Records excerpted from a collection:

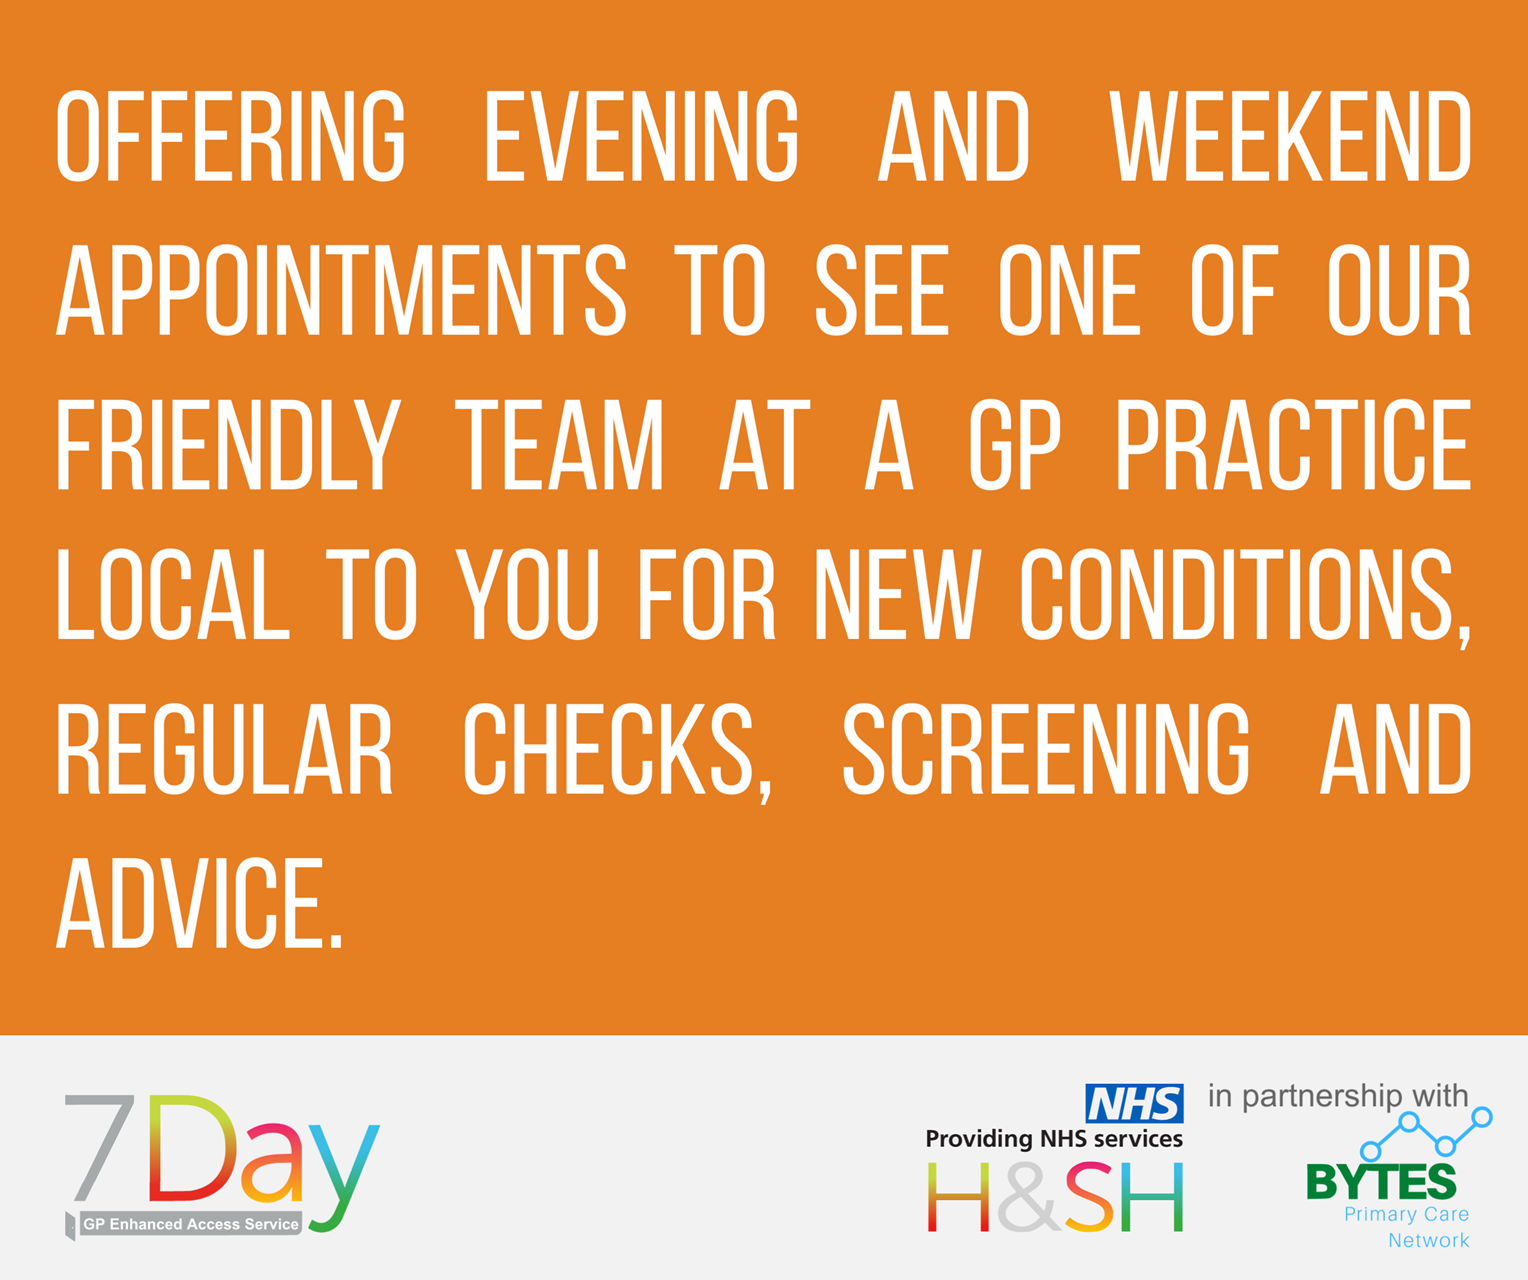 Evening and Weekend Appointments
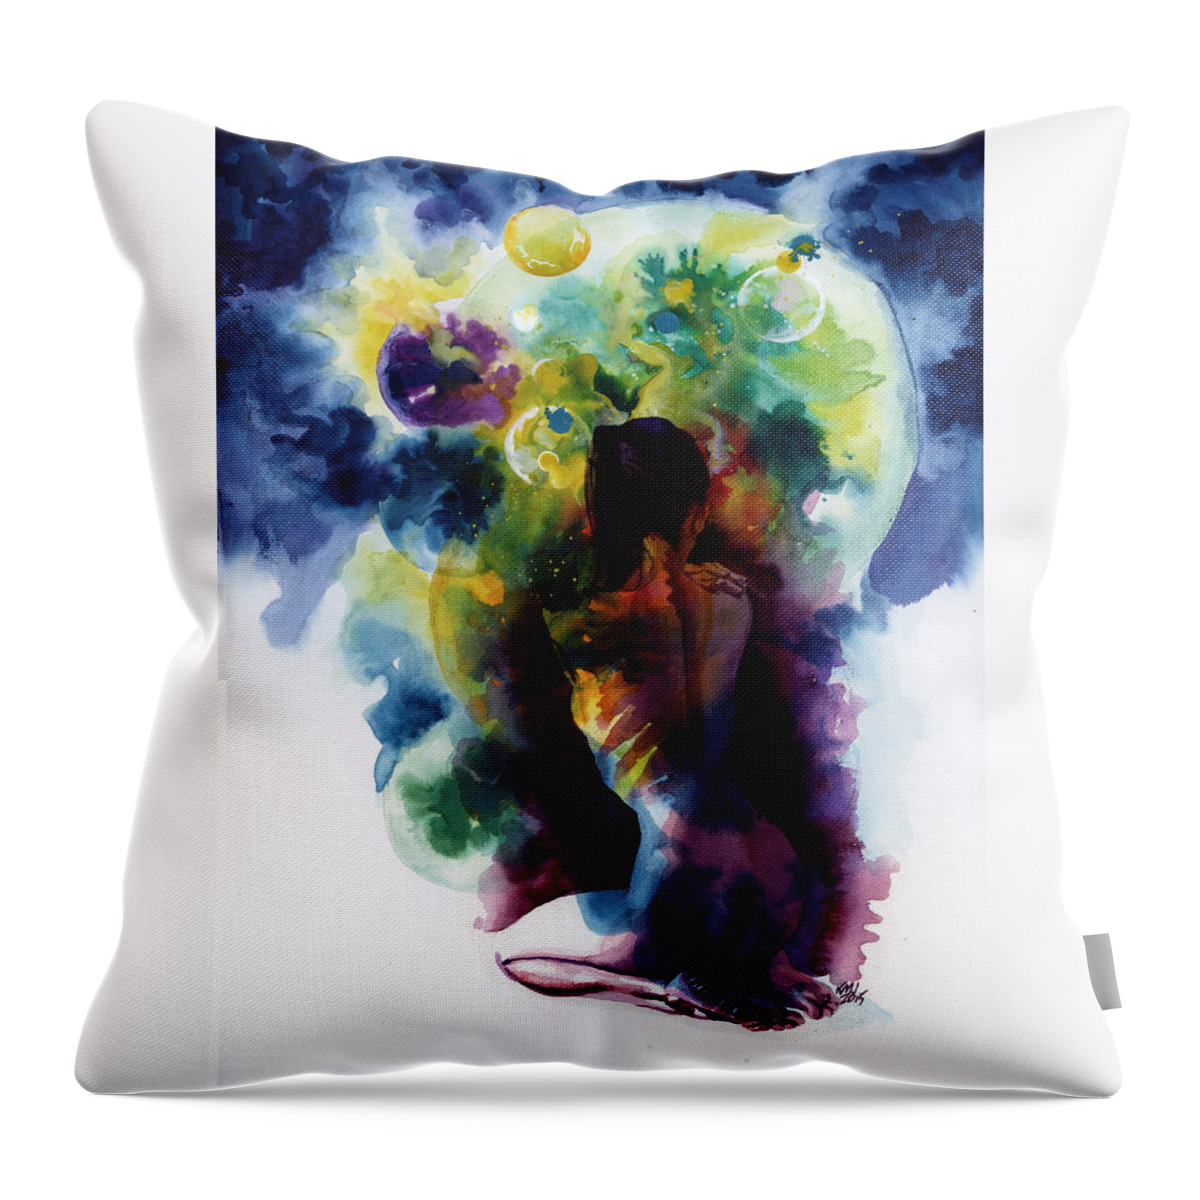 Nudes Throw Pillow featuring the painting Bareback Meld by Ken Meyer jr
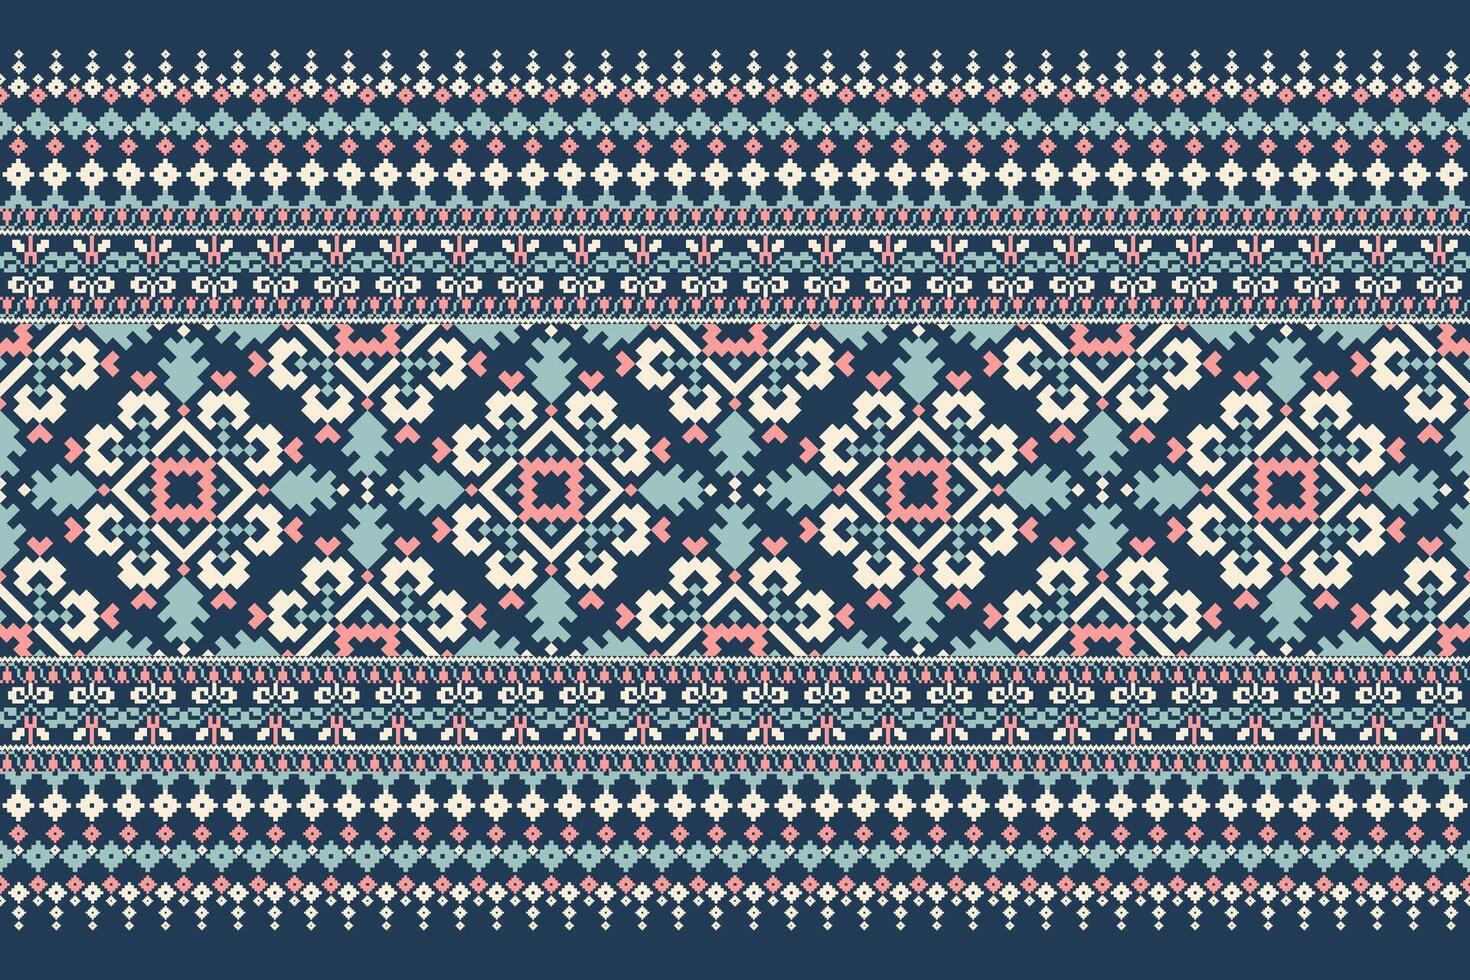 Floral Cross Stitch Embroidery on navy blue background.geometric ethnic oriental pattern vector illustration,Aztec style,abstract background.design for texture,fabric,clothing,decoration,sarong,scarf.
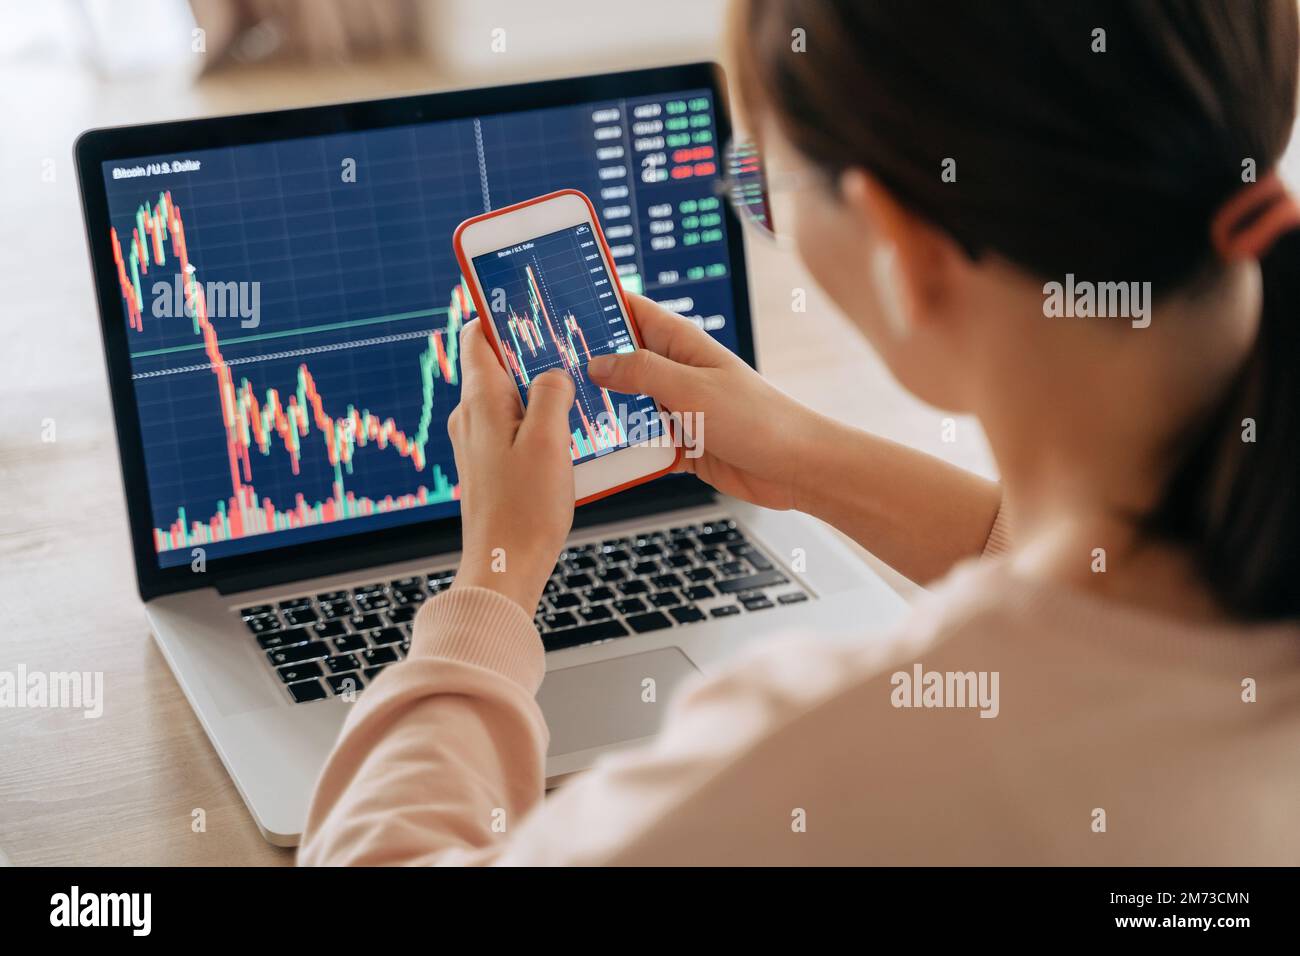 Woman crypto trader investor broker using smartphone app and laptop executing financial stock trade market trading order to buy or sell cryptocurrency. Selective focus on hands and cellphone screen Stock Photo
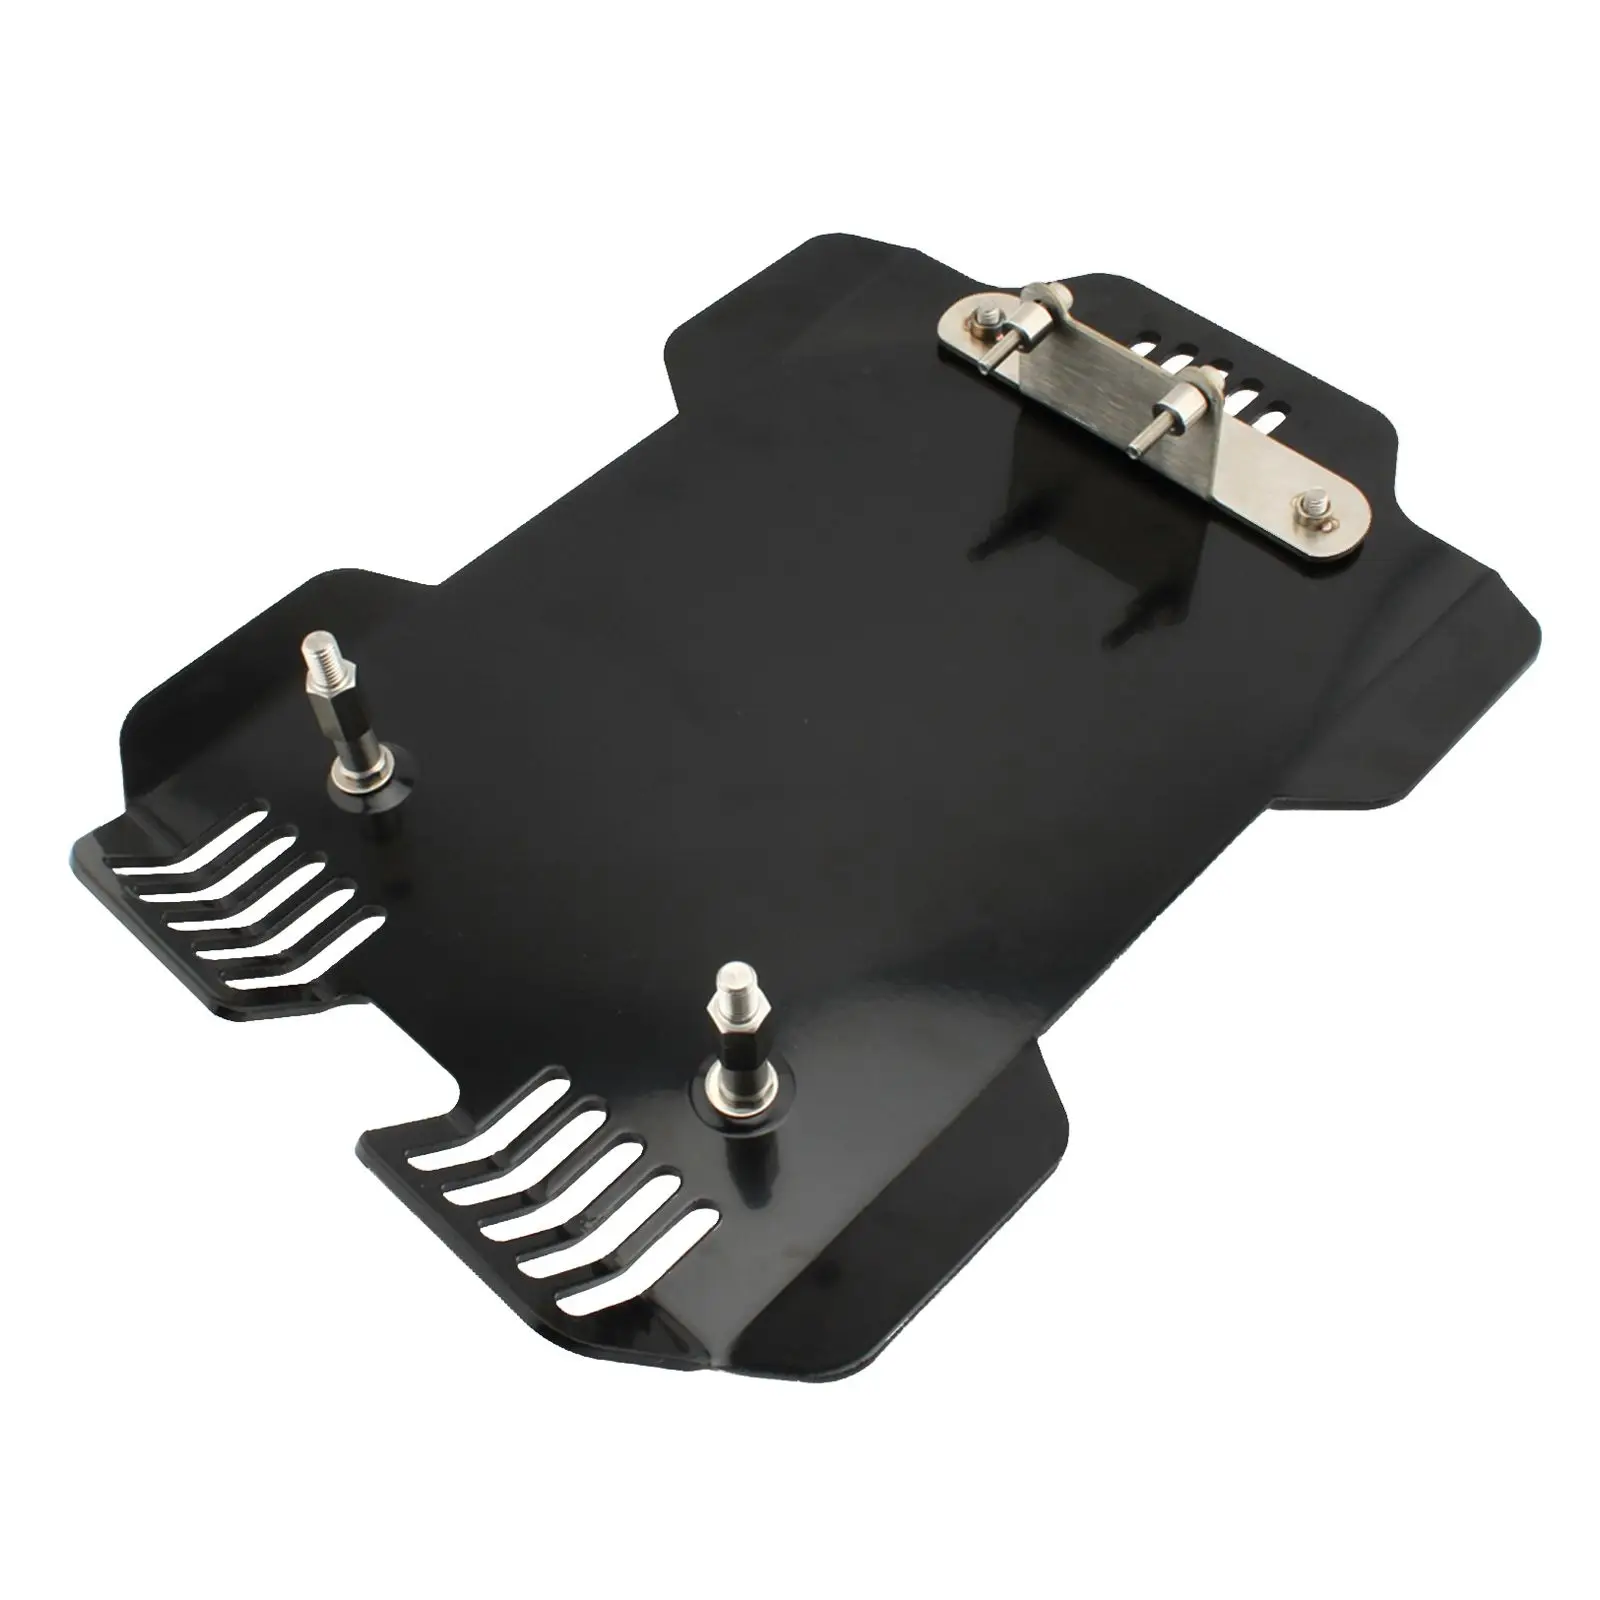 Skid Plate Protection Cover Protective Aluminum Engine Chassis Fits for  R18

INSTRUCTIONS FOR THE TASK: Only the lines from the one containing "Floral Cross Stitch" through the final line of the data should be given again, exactly and without pictures.

RESULT OF THE EXERCISE:
 Floral Cross Stitch Embroidery on navy blue background.geometric ethnic oriental pattern vector illustration,Aztec style,abstract background.design for texture,fabric,clothing,decoration,sarong,scarf.
 Woman crypto trader investor broker using smartphone app and laptop executing financial stock trade market trading order to buy or sell cryptocurrency. Selective focus on hands and cellphone screen Stock Photo
 Skid Plate Protection Cover Protective Aluminum Engine Chassis Fits for  R18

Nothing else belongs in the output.